Liferay DXP is the most recent and updated version of Liferay. It comes with many new features that enables it as one of the best platform for Portal Development for both developers and enterprises. It provides enterprises and businesses to develop easy to use interfaces and Digital Experience Platforms for their internal and external stakeholders. Liferay DXP clustering is a major part of that experience and it means, “Connecting two or more nodes together in a way that they behave like a single application is termed as “Clustering”.

Clustering is used for parallel processing (scalability), fault tolerance (availability) and load balancing. For high traffic websites, single server gets overloaded and application gets unresponsive, to prevent such kind of failure we need Clustering to be activated in web portals.

A common misconception is that by configuring Liferay, a high-availability and clustered environment is automatically created. But it is not the case, a clustered environment includes load balancers, web server, clustered application servers and databases. Once this complete clustered environment is set up, Liferay can then be installed in this environment.

Clustering is currently only available in Liferay DXP, however Liferay 7 Community Edition roadmap have now included support for new cluster module in the Plan.

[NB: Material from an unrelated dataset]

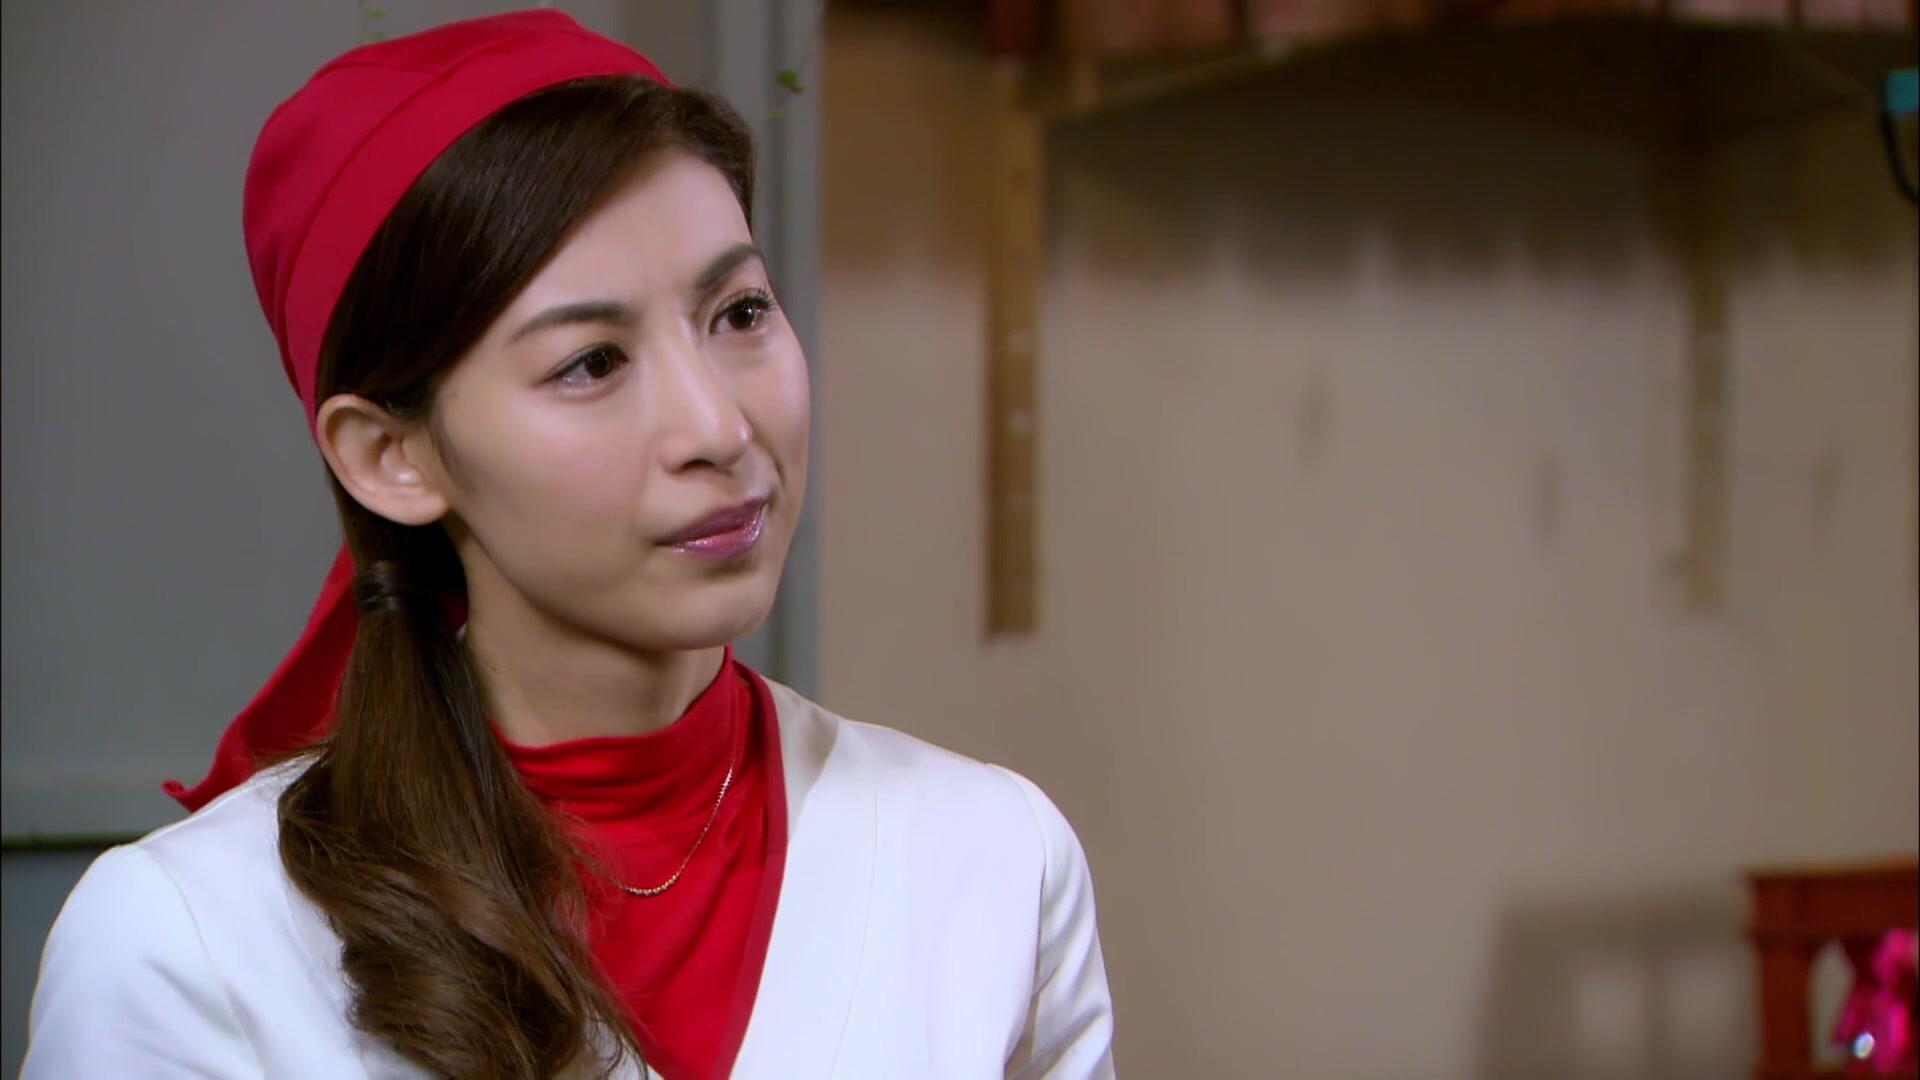 Shia Wa Se Episode 5

Read more: Liferay DXP Vs Adobe Experience Manager.

This article provides instructions with a basic configuration for installing Liferay DXP in a clustered environment.

See the image below to understand a Typical representation of Cluster Architecture;

Liferay-Cluster-Architecture

1. Load Balancer: Distribution of traffic between multiple web server resources to ensure smooth & efficient balancing of load. It can be software e.g. Apache, or hardware (preferred) e.g. F5 Big-IP, Cisco Load Director or Cisco Content Services Switch (CSS) having firewall, reverse proxy, rules, etc. configured and redirecting requests to Web / Application servers based on various algorithm like Round robin, Weighted round robin, least connections, Least response time, further based on application specific data such as HTTP headers, cookies or value of application specific parameter. Load balancers ensure reliability and availability by monitoring the “Health” of applications.

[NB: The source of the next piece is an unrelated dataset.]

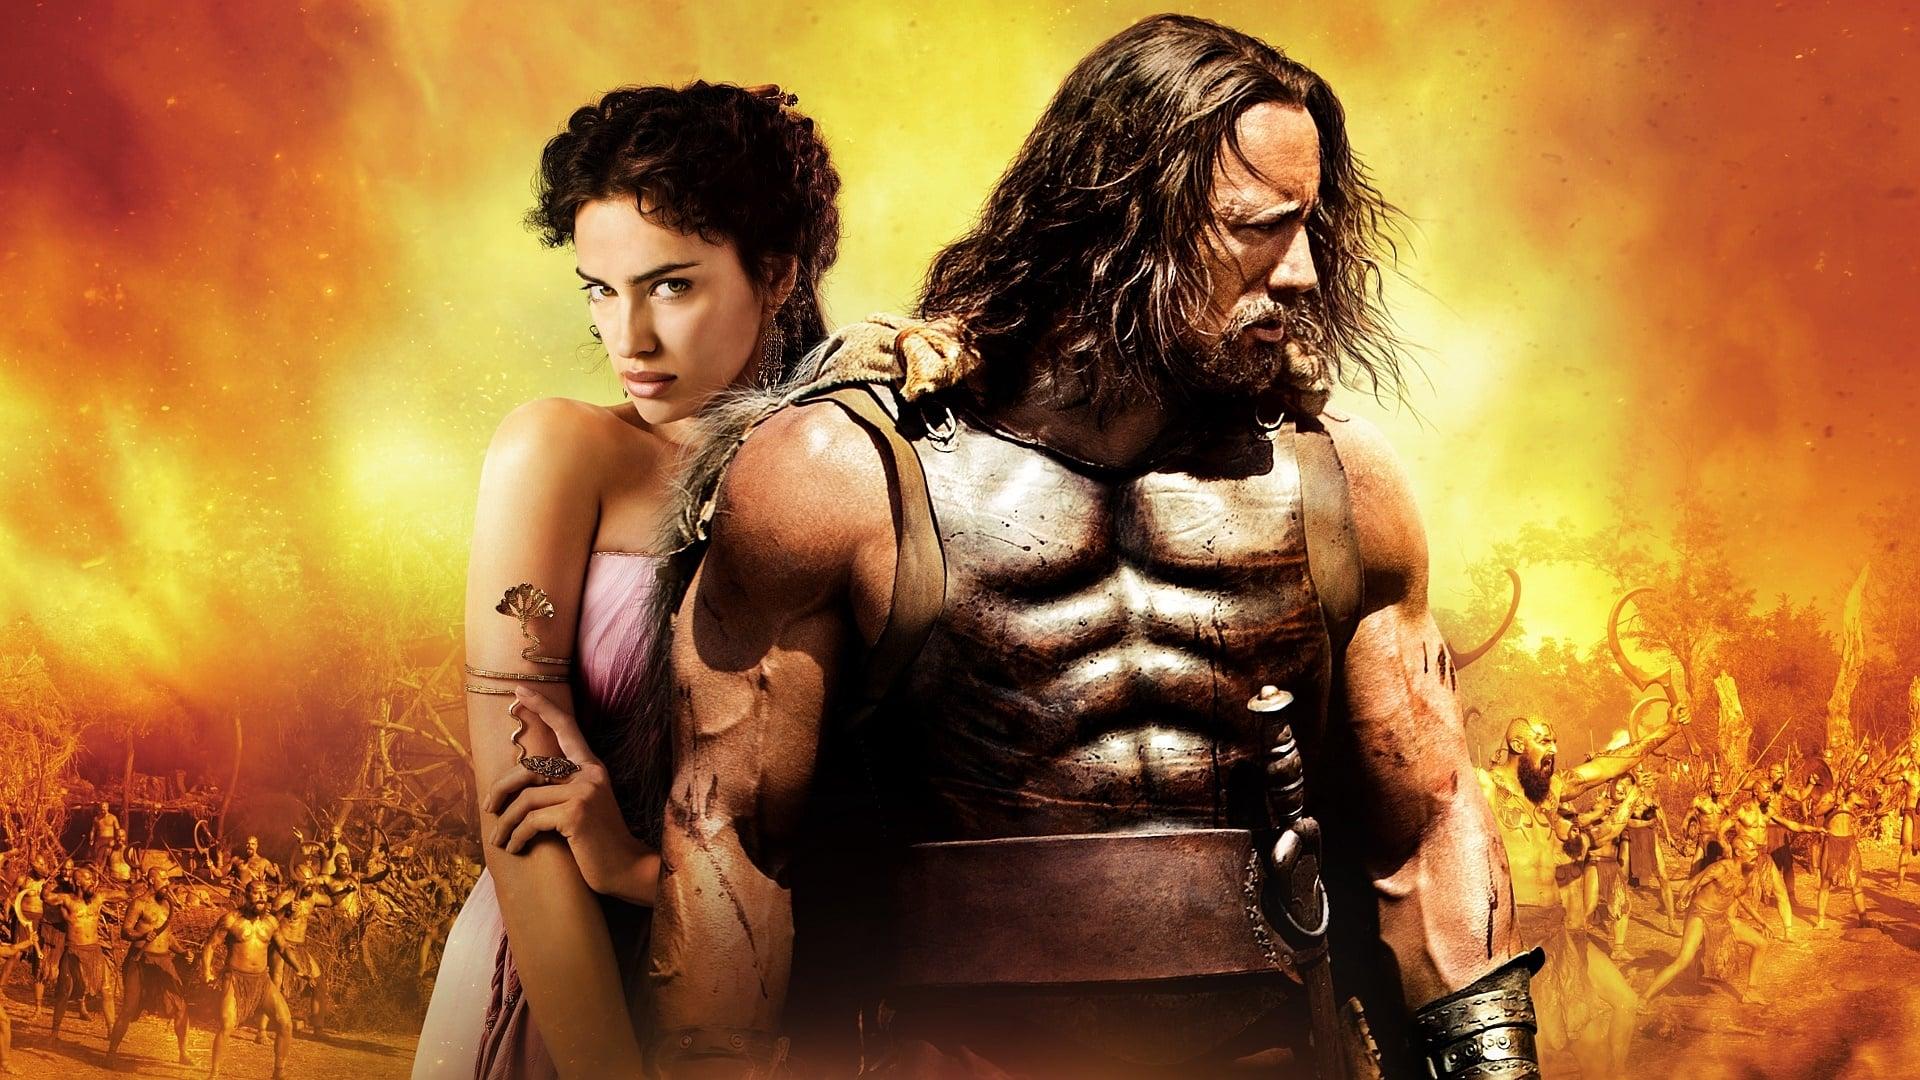 Regarder Hercule en streaming gratuit

2. Web Server: Processes requests via HTTP, a network protocol used to distribute information on the World Wide Web. To Deliver static content elements like images, rich media, CSS files, etc. Also provides integration modules to single sign-on solutions like CA SiteMinder, Oracle Identity, Ping, etc.

  • Considering Apache Web Server as a software Load Balancer in this scenario for distributing incoming traffic, across the application servers in a pool of servers. Intelligent mechanism allows the best performing and most suitable server to be targeted for individual client requests.
  • Sticky Session is a method that is used with Load Balancing to achieve server affinity with your portal and database, so that HTTP session doesn’t lose valifity across application instances.
  • There are 3 algorithms available for use Request Counting, Weighted Traffic Counting and Pending Request Counting. These are controlled via the lbmethod value of the Balancer definition.
  • Below Apache Configuration using Mod Proxy module implements a proxy/gateway for Apache, having stickysession enabled, application server nodes BalancerMember, load balancing algorithm by traffic, static file caching, etc.
mod_proxy (httpd)
 
ProxyPass / balancer://wwwcluster/ stickysession=JSESSIONID
ProxyPassReverse / balancer://wwwcluster/
ProxyTimeout 600
Header add Set-Cookie "ROUTEID=.%{BALANCER_WORKER_ROUTE}e; path=/" env=BALANCER_ROUTE_CHANGED
BalancerMember http://LIFERAY.APPLICATION.NODE1.IP:8080 route=node1 keepalive=on
BalancerMember http://LIFERAY.APPLICATION.NODE2.IP:8080 route=node2 keepalive=on
ProxySet lbmethod=bytraffic
ProxySet stickysession=ROUTEID

3. Liferay Configurations that needs be considered for setting up Liferay in Clustering

3.1. Database Configuration: All Liferay Application Server nodes must point to the same Liferay database (or database cluster). The connection to the database is simply a JDBC or JNDI connection. Recommended configuration is using JNDI.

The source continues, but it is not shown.